Introduction
I was writing a C# Windows Service, and I needed to capture some device events. While this may seem an easy task, strangely, it isn't. Here is what I needed and what I did.
Prerequisites
A Windows Service is nothing more than a Windows program which is started by the Service Control Manager (SCM). A service can be manually started or scheduled for the SCM to start immediately after user logon. If you are unfamiliar with them, you can get more information on MSDN.
I have tested the code in Visual Studio 2008 Professional SP1, .NET 3.5 SP1, Windows XP SP3. It should work on any framework above 2.0, and it just might work in 1.1. I would suggest you go through the code as you read the text as it will become a lot more clear to you. Jump through it and see what happens.
Problem Description
Communication in Windows is done via messages. When a device (like a USB stick) is plugged in a computer, Windows sends messages to all who would listen for such an event. A Windows Forms application, for example, could easily intercept Windows messages by just overriding the virtual WndProc
from the Form
base class and using its Message
parameter to its needs. However, a Windows Service typically is not meant to interact with the desktop or IO devices, so there is no easy way of knowing when something interesting has happened. And, if you would like to handle the DBT_DEVICEQUERYREMOVE
event, things get complicated.
Service Control Handler (SCH)
Services have a control handler which receives all messages from Windows. These might include codes to stop or pause the service, or as in our case, device events. A managed service will abstract this control handler and give you only the OnStart
, OnStop
, and so on methods, which you can implement in order to achieve your needed functionality. We need, however, to register our own service handler, so we could catch device events. Note that this would disable all callbacks like OnStop
except OnStart
, which is called before we tell Windows to use our handler.

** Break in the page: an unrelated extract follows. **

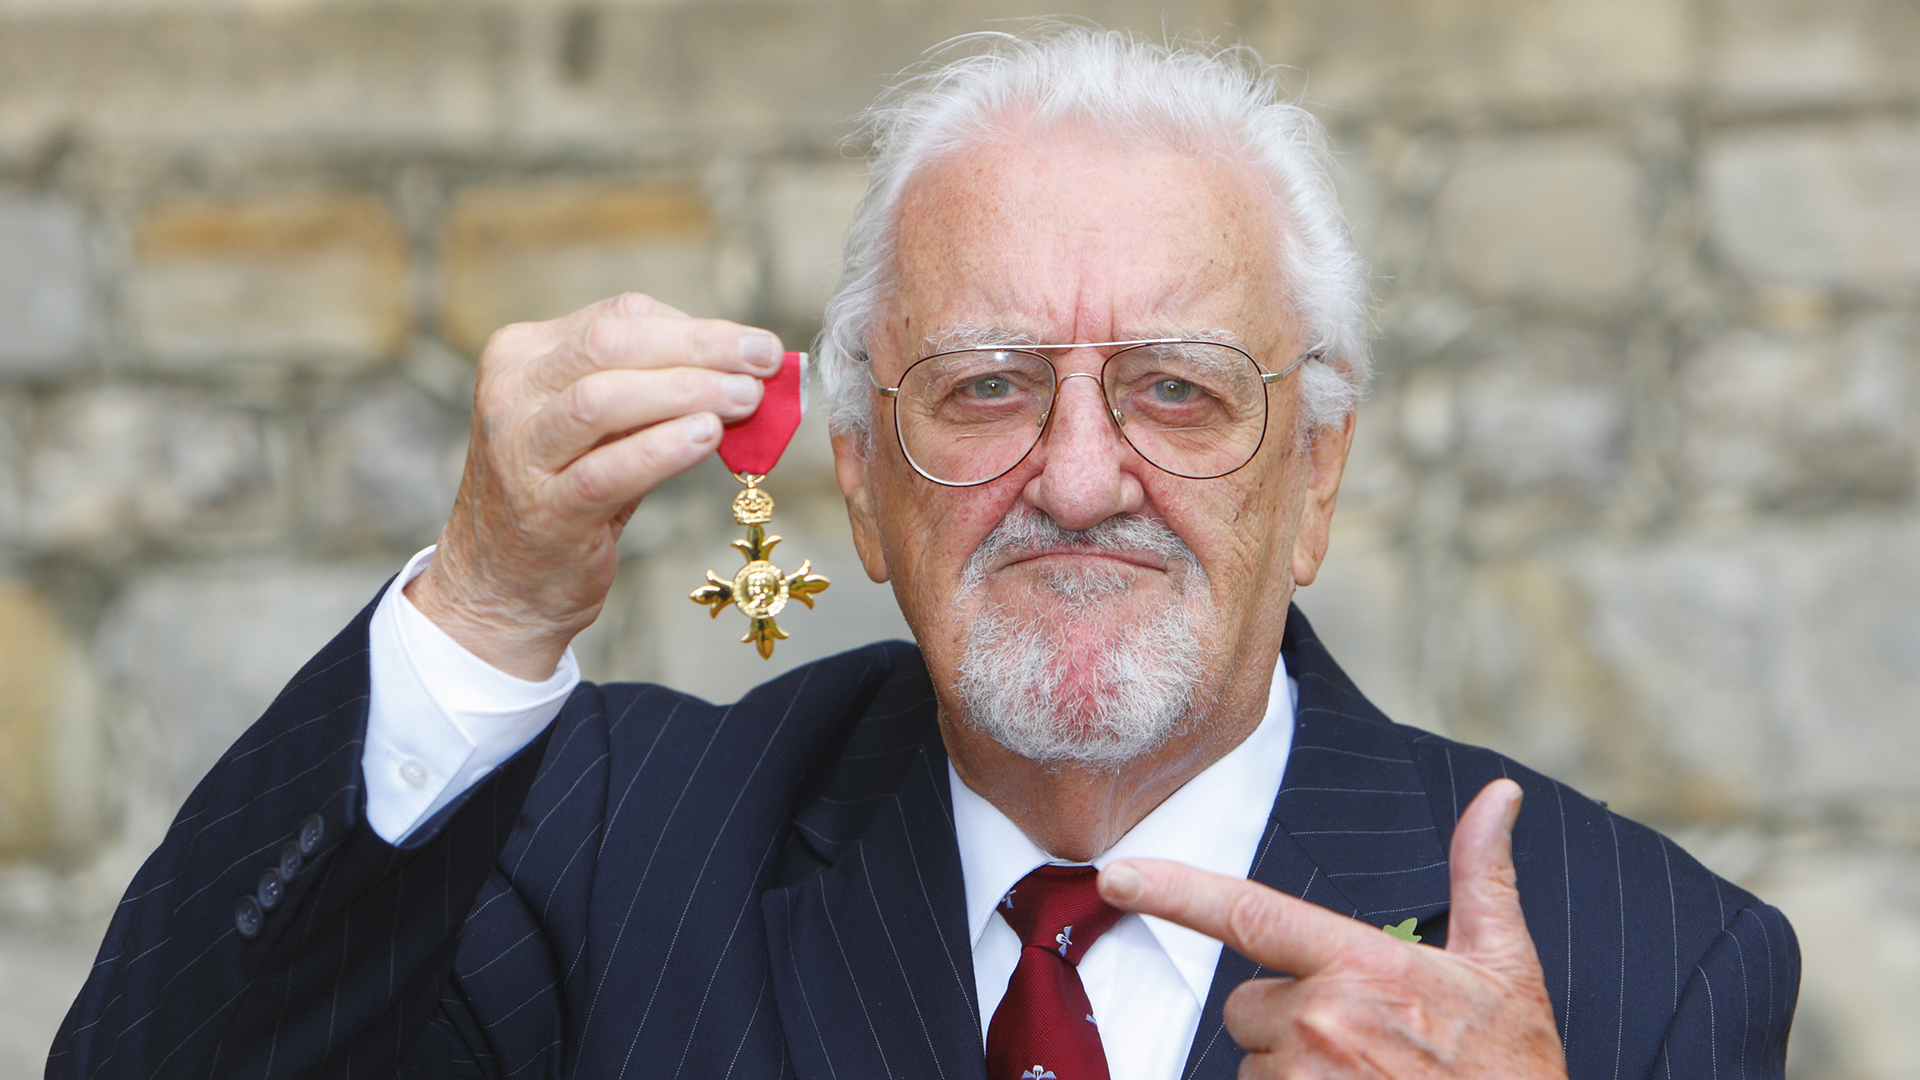 'Doctor Who' and 'The Railway Children' Actor Bernard Cribbins Has Died at Age 93

The Windows API function for this is RegisterServiceCtrlHandlerEx
, which accepts a service name and a callback function to call when a message is received. We will call it in the OnStart
function in our service. The managed version returns an IntPtr
which is a service handle, but we already have a property of our class called ServiceHandle
, so we don't need to save it.
The service control handler's signature is like this:
public delegate int ServiceControlHandlerEx(int control,
int eventType, IntPtr eventData, IntPtr context);
Now, we can go implement our "OnStop
" callback by capturing the SERVICE_CONTROL_STOP
event, which is received in the "control
" parameter of the handler. But, in order to handle SERVICE_CONTROL_DEVICEEVENT
, we need to do something else.
Register for Device Notifications
In the OnStart
method, apart from registering for a control handler, we will register for device notifications by using the Win32
API function RegisterDeviceNotification
. We give it our service's handle, a pointer to a DEV_BROADCAST_DEVICEINTERFACE
struct (telling the function to register for a class of devices), and some flags, among which is the DEVICE_NOTIFY_SERVICE_HANDLE
, which specifies that the caller is a service and not a window, for example. It returns a handle, which we must preserve in order to unregister when we don't need device messages anymore (for example, we could do this in the SERVICE_CONTROL_STOP
event).
Using this function allows us to capture the DBT_DEVICEARRIVAL
and DBT_DEVICEREMOVECOMPLETE
event types. We get them through the eventType
parameter of our SCH. There, we can handle the SERVICE_CONTROL_DEVICEEVENT
and do anything we like.
DBT_DEVICEQUERYREMOVE
So far so good. But I needed more. I needed to use the FileSystemWatcher
control which Microsoft supplied with the .NET Framework on the newly plugged USB. I could start the watcher when I get the device arrive event, but then when I attempted to "safely remove hardware", it always said that it couldn't remove it. It was obviously because of the watcher. I searched and found that there was an event DBT_DEVICEQUERYREMOVE
, which is being risen just before a device is about to be removed. The only problem was that I couldn't get it with what I have done so far. Interestingly enough, Windows Forms applications work the same, so everything below should be done for them too.
The solution is to create a handle to the device itself, use it in a (this time) DEV_BROADCAST_HANDLE
structure, and register with it to our SCH. All of this we could do in the DEVICEARRIVAL
event. In order to accomplish all this, it takes a couple of things - find which drive letter the device got with the GetVolumeNameForVolumeMountPoint
(which gets its parameters from the name field in the DEVICEINTERFACE
struct) and GetVolumePathNamesForVolumeName
in order to get a device handle using the CreateFile
function. Only after that are we able to get the QUERYREMOVE
event, disable the FileSystemWatcher
, and allow the USB to be freely removed.
Conclusion
There are a ton of other small things that when not written exactly the way I have written them, do not work. If you need this kind of functionality, I would strongly suggest that you browse through the code I have supplied, and if do not want to understand it, at least just copy and paste. :) It will save you a lot of headaches.